Today I read Massimo Introvigne's paper "The Beast and the Prophet: Aleister Crowley's Fascination with Joseph Smith," which I ran into the other day while searching for any link between Joseph Smith and the mandrake. (This paper was a hit because it mentions Crowley's Mandrake Press.) It was moderately interesting; Crowley had, as may be expected, no very deep understanding of the Mormon Prophet, but he does allude unmistakably to him in Moonchild:
All gave way to a most enigmatic figure. It was an insignificant face and form; but the attribution of him filled all heaven. In his sphere was primarily a mist which Iliel instinctively recognized as malarious; and she got an impression, rather than a vision, of an immense muddy river rushing through swamps. And then she saw that from this man's brain issued phantoms like pigeons. They were neither Red Indians nor Israelites, yet they had something of each in their bearing. And these poured like smoke from the head of this little man. In his hand was a book, and he held it over his head. And the book was guarded by an angelic figure whose face was extraordinarily stern and unbeautiful, but who scattered with wide hands the wealth of life, children, and corn, and gold. And behind all these things was a great multitude; and about them were the symbolic forms of exile and death and every persecution, and the hideous laughter of triumphant enemies. All this seemed to weigh heavily upon the little man that had created it.
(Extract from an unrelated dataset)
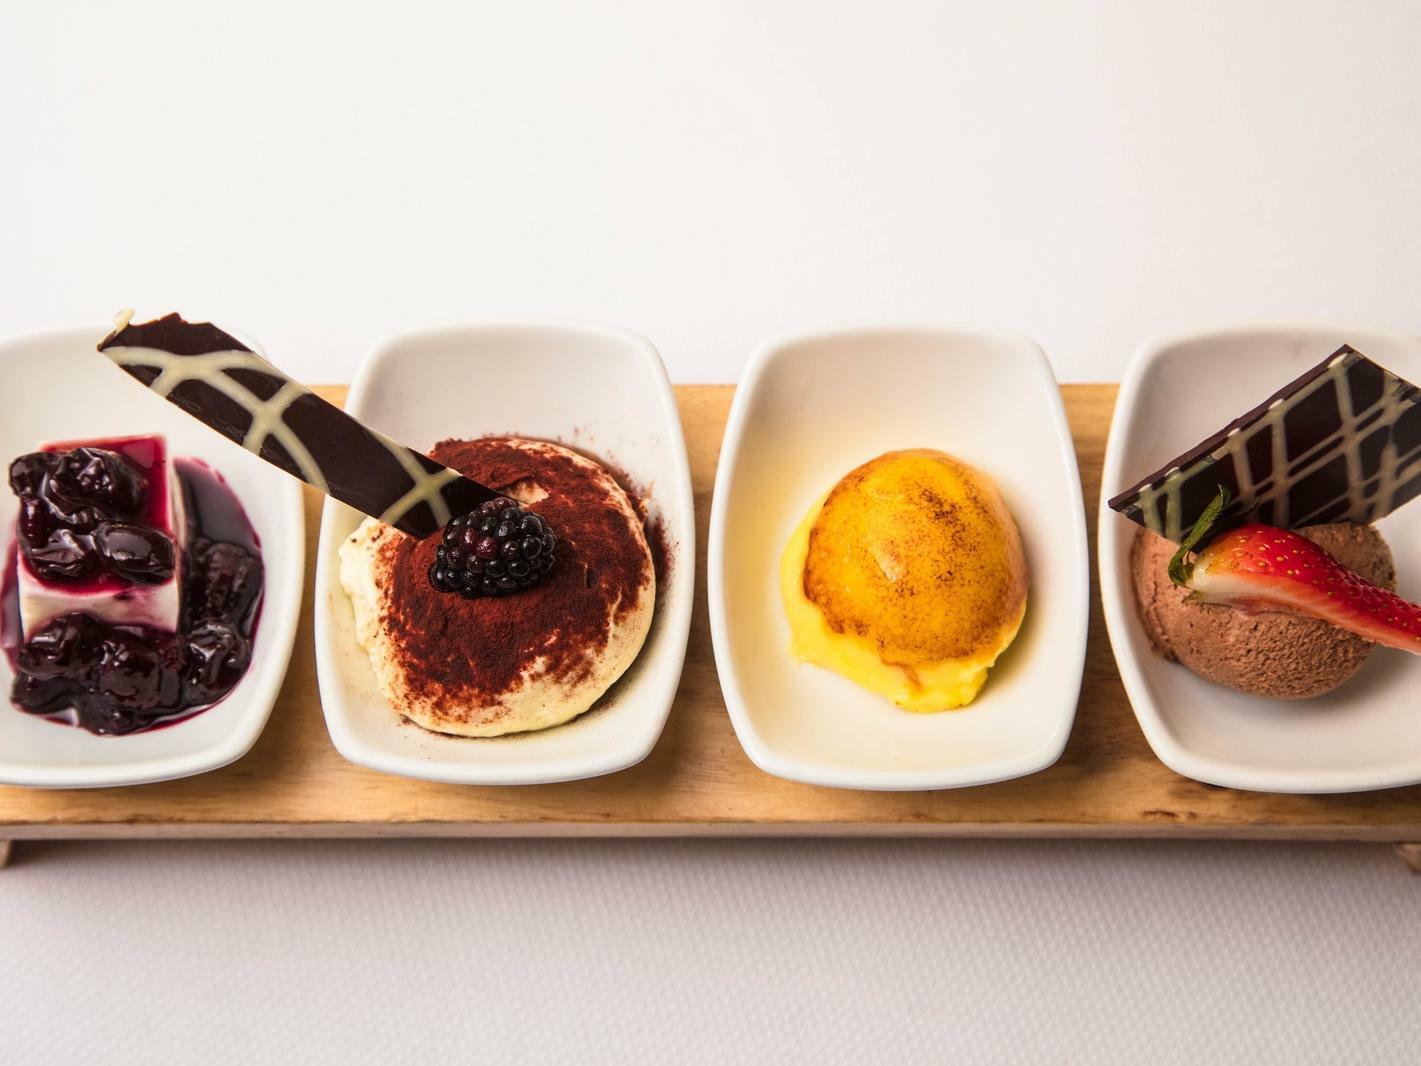 4 small dessert plates

After finishing the paper, I fell to wondering who this Massimo Introvigne was. Google summarized him as "Italian sociologist" and sent me to his Wikipedia page. I noted that he was born on June 14, that he has written about various "new religious movements" including Mormonism, and that there is a whole section of the entry called "Popular culture and vampires":
He was the Italian director of the Transylvanian Society of Dracula, which included the leading academic scholars in the field of the literary and historical study of the vampire myth. In 1997, J. Gordon Melton and Introvigne organized an event at the Westin Hotel in Los Angeles where 1,500 attendees came dressed as vampires for "creative writing contest, Gothic rock music and theatrical performances".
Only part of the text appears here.